Early diagnosis is the key to prevention. Preventative measures can reduce the risk of cognitive impairment by 30%. The use of preventive measures can prevent 40% of dementia. Not to mention the savings that hospitals and patients would experience from early diagnosis.

Currently, our existing methods of diagnosis aren’t capable of detecting important biomarkers that occur with Alzheimer’s disease before the cognitive symptoms begin to appear.

The Cognes Solution

Cognes is the answer to the desperate need for early Alzheimer’s disease diagnosis. This tool is cost-effective for both patients and the hospital, opening up a greater pool of patients seeking a diagnosis.

Using a smartphone app, Cognes uses facial recognition and images, along with cognitive assessments, to detect early dementia in a way that our current diagnostic measures cannot do. A wealth of information is observable in the face and head that can pinpoint early dementia as it develops in the brain before severe cognitive impairment occurs.

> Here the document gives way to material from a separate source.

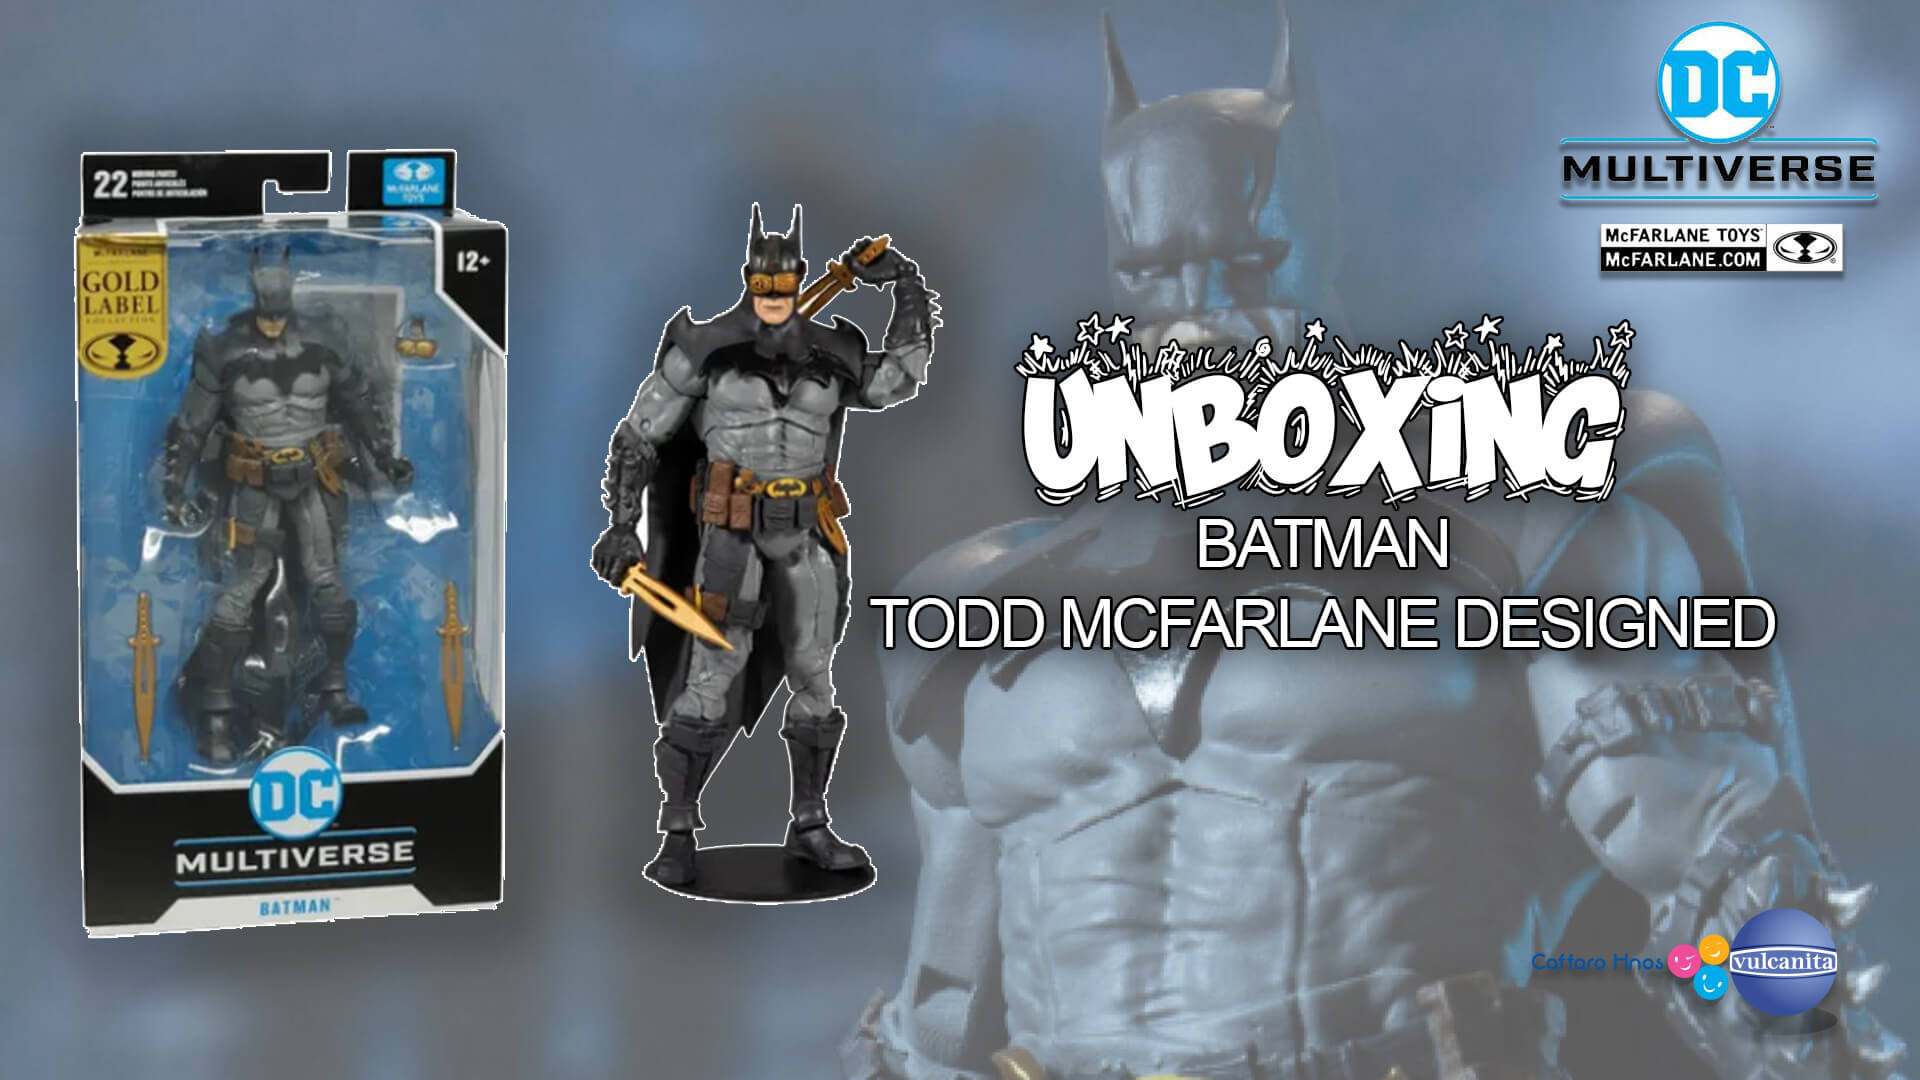 UNBOXING: Batman Todd McFarlane designed

Cognes combines data within images that show brain atrophy with cognitive assessment data, which is then analyzed by an AI engine. This technology has been tested in a study from early 2020 that used over 1,300 subjects and has been found feasible for early Alzheimer’s diagnosis.

The benefits of Cognes don’t just stop with diagnosis. Doctors and hospitals can easily implement Cognes into their workflow, allowing patients to screen themselves through their app at home. This will enable patients to test themselves remotely, while doctors and hospitals can continue their day-to-day operations and reduce visits. 

Running expensive diagnostic tests can put a financial burden on both the hospital and the patient. With Cognes, these tests will no longer be the go-to diagnostic tool, as patients will be able to test themselves at home with nothing more than a smartphone with a camera. 

Conclusion

Our current Alzheimer’s diagnostic tools often fall short when it comes to early diagnosis. Patients for whom cost is a barrier are left behind, while other patients don’t receive a diagnosis until a mild or significant cognitive decline has occurred. Alzheimer’s disease costs patients and hospitals hundreds of billions of dollars every single year worldwide.

Cognes is the solution that many hospitals and patients are looking for. With the use of AI engines and technology that analyzes the facial images of potential Alzheimer’s patients, Cognes can pinpoint the signs of early dementia. 

Early diagnosis helps patients and hospitals. The cost-efficiency of Cognes allows more patients to get help while allowing hospitals to forgo lengthy and expensive brain scans and tests. Cognes also fits into the hospital’s workflow by enabling patients to test in the comfort of their own homes with their smartphones. 

Alzheimer’s disease relies on prevention to help patients, and prevention depends on early diagnosis. Cognes is the solution to the Alzheimer’s problem.